In this ground-breaking study Francesca Saggini explores the relationship between the late eighteenth-century novel and the theatre, arguing that the implicit theatricality of the Gothic novel made it an obvious source from which dramatists could take ideas. Similarly, elements of the theatre provided inspiration to novelists.

Saggini opens her study with a very useful and persuasive overview of the themes and forms of Gothic drama. In her view, stage appropriation is the textual threshold in which novelistic and dramatic/ performative texts overlap on and disseminate through each other. She examines in details the use of three specific aspects of Gothic dramatic language as recorded by both novel and drama: music, lighting, and scene design. The following chapters, informed by semiotic and narrative theory, closely examine the stage appropriations respectively in and of the Gothic novel, particularly, though not exclusively, the representation of the supernatural in Ann Radcliffe and Matthew G. Lewis.

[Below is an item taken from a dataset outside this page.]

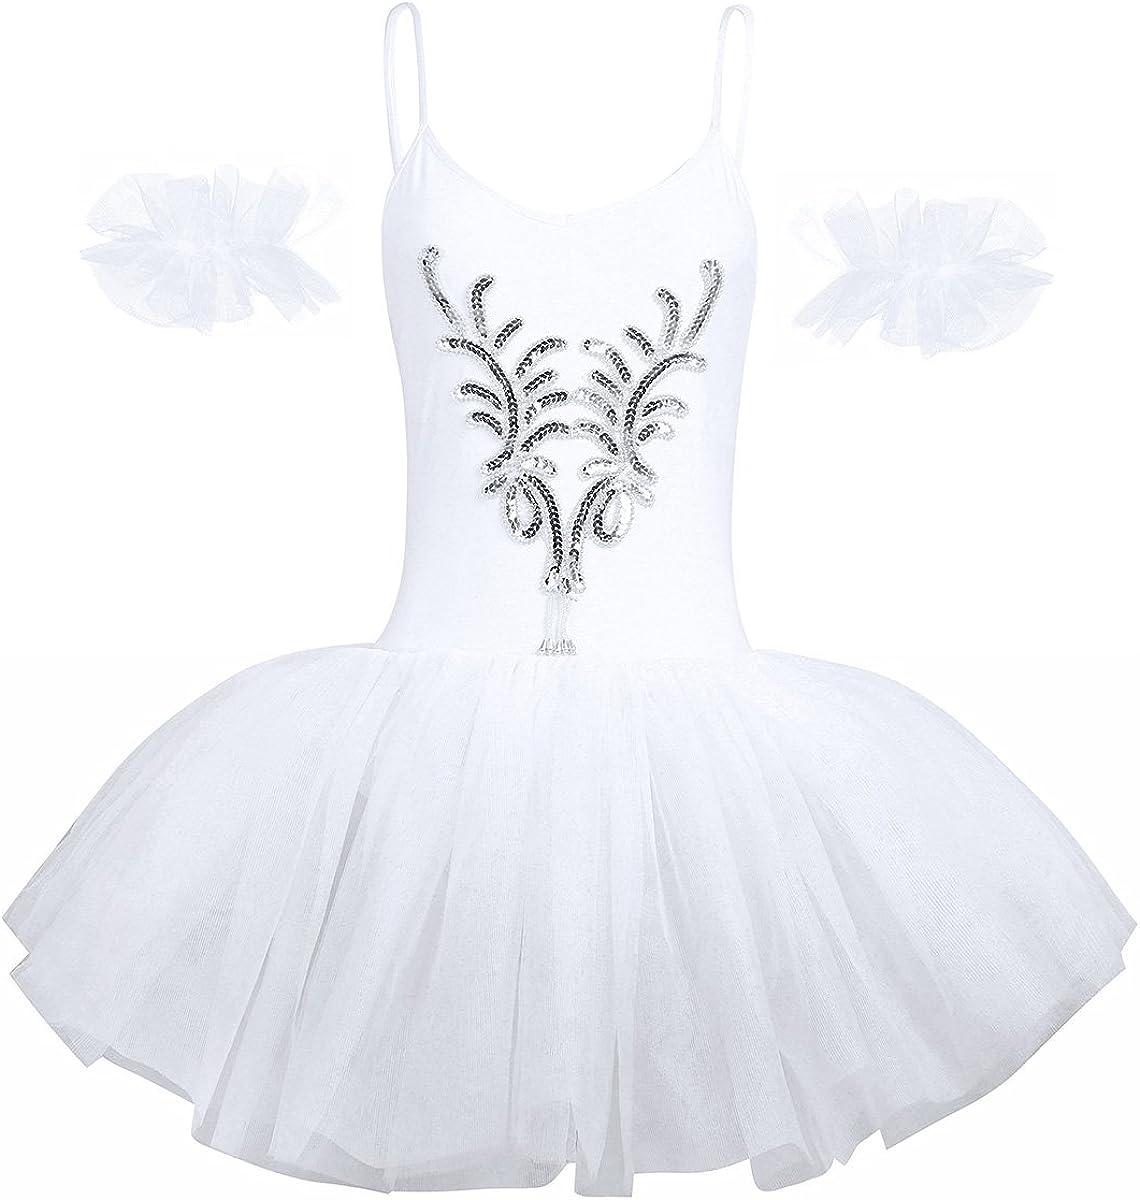 TiaoBug Robe de Danse Femme Justaucorps de Danse Tutu Ballet Classique Blanc Robe /à Paillettes et Bracelets Body Combinaison sans Manches Costume de Danse XS-XL

Boaden’s successful Gothic drama Fontainville Forest challenges a central aspect of Radcliffe’s poetics: her reliance on the so-called explained supernatural and puts it context by looking at contemporary stage presentations of the supernatural as offered for instance in Hamlet. The final part of the study frames Lewis’s representation of the supernatural in The Monk within the contemporary mechanics of staging and discusses the novel in relation to contemporary stage presentation and in the context of Romantic harlequinades and spectacular visual exhibits.

Saggini makes a convincing argument for a transmedial and highly cooperative reading of Gothic texts and spectacles. Her approach does not seek to displace the novel or ‘the text’ from modern perceptions of the Gothic, but wants to open the genre to plural and anti-hierarchical forms of reading and to recognise its resourcefulness in appropriating theatrical techniques. The concept of ‘stage appropriation’ gives equal epistemological status to both verbal and non-verbal sign system, and this strategy allows for a holistic approach to the Gothic and an analysis of several literary-cultural formations as correlated, rather than discrete.